RE: NXP0024 Nov 2021 15:38
GLOBAL MARKET OPPORTUNITY FOR NXP002
We look at the available market opportunity for NXP002 either as a monotherapy or as a combination therapy and in view of the changing landscape. As we have said NFX looks to take the programme to the next inflection point before seeking global business development opportunities. We consider that completion of the anticipated data packages, costing in aggregate approx. £2m over the next 18-months can be a major inflection point in terms of readiness for licensing and with an attractive market opportunity worth $3bn and growing, we calculate that NXP002 could command combined peak sales of £1bn in major markets.

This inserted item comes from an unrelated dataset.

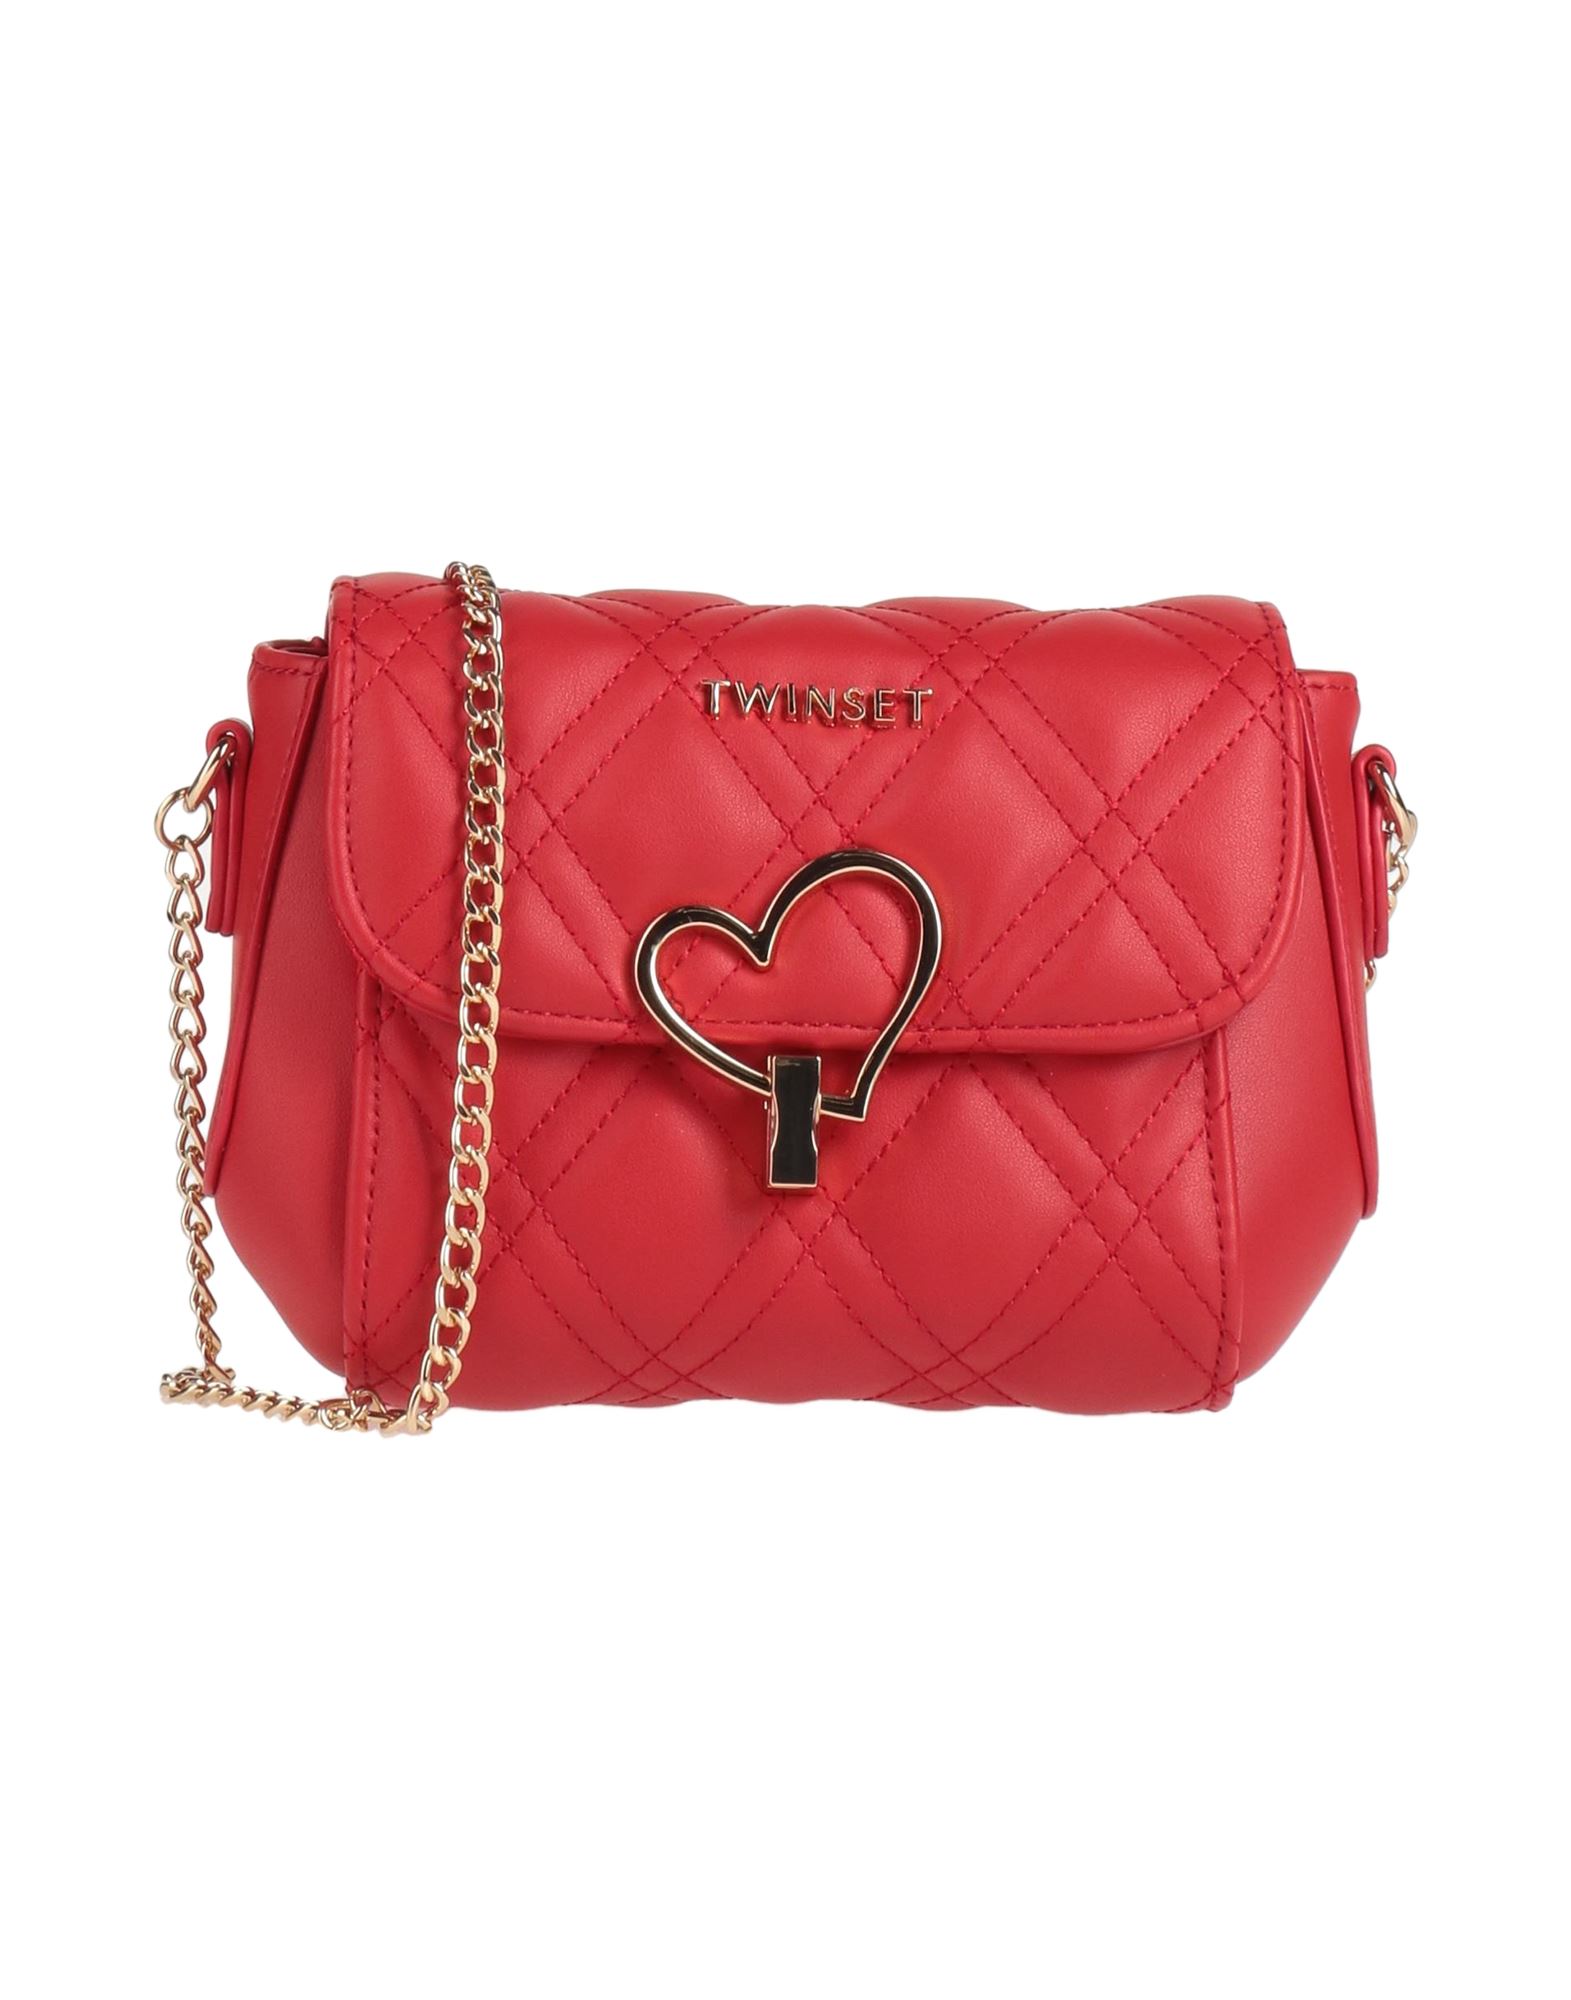 Twinset Handbags In Red

OFEV and Esbriet have an average annual wholesale acquisition cost of $135k/$123k in US and around $65k in Europe. The patent expiry of OFEV and Esbriet could change pricing dynamics and so we use conservative assumptions, around 50% of prices of the incumbents, accepting that in reality this will be determined by clinical efficacy and side effect profile. On one side there will likely be more comparators in the market, but orphan disease status and differentiated modes of administration and mechanisms can justify pricing in line with the branded incumbents. A monotherapy is likely to attract higher pricing than a combination therapy, another factor that is yet to be elucidated.
Assuming that there is an approx. 0.05% prevalence in each population and assuming annual incidence of new cases of around 1.5% in Europe and US, with 60% diagnosed and 33% of the patient pool eligible for treatment, this equates to approx. 32,000 patients in US. 35,600 in Europe and 13,000 in Japan. At 33% penetration and an annual price of £52k in US, £24.5k in Europe and £38.5k in Japan, respectively gives a combined peak sales of £1bn for all major geographies, broken down as follows:
– US peak sales 32,000 x 33% x £52k = £544m
– Europe peak sales 35,600 x 33% x £24.5k = £288m
– Japan peak sales 13,000 x 33% x £38.5k = £164m
In the ‘traditional’ biotech model, drug development is a 10-year minimum process. With abbreviated timelines, a repurposed new physical form could be on the market as early as 2029 in US and Europe and 2030 in Japan following a bridging study, with patent expiry in 2038 (not including potentially available patent term extensions). We consider that the route of development and the fact that underlying drug is already known means that there is a higher likelihood of approval than via the standard drug development model, balancing the fact that NXP002 is a preclinical programme, but with the existing body of tranilast safety and PK data that NFX can leverage.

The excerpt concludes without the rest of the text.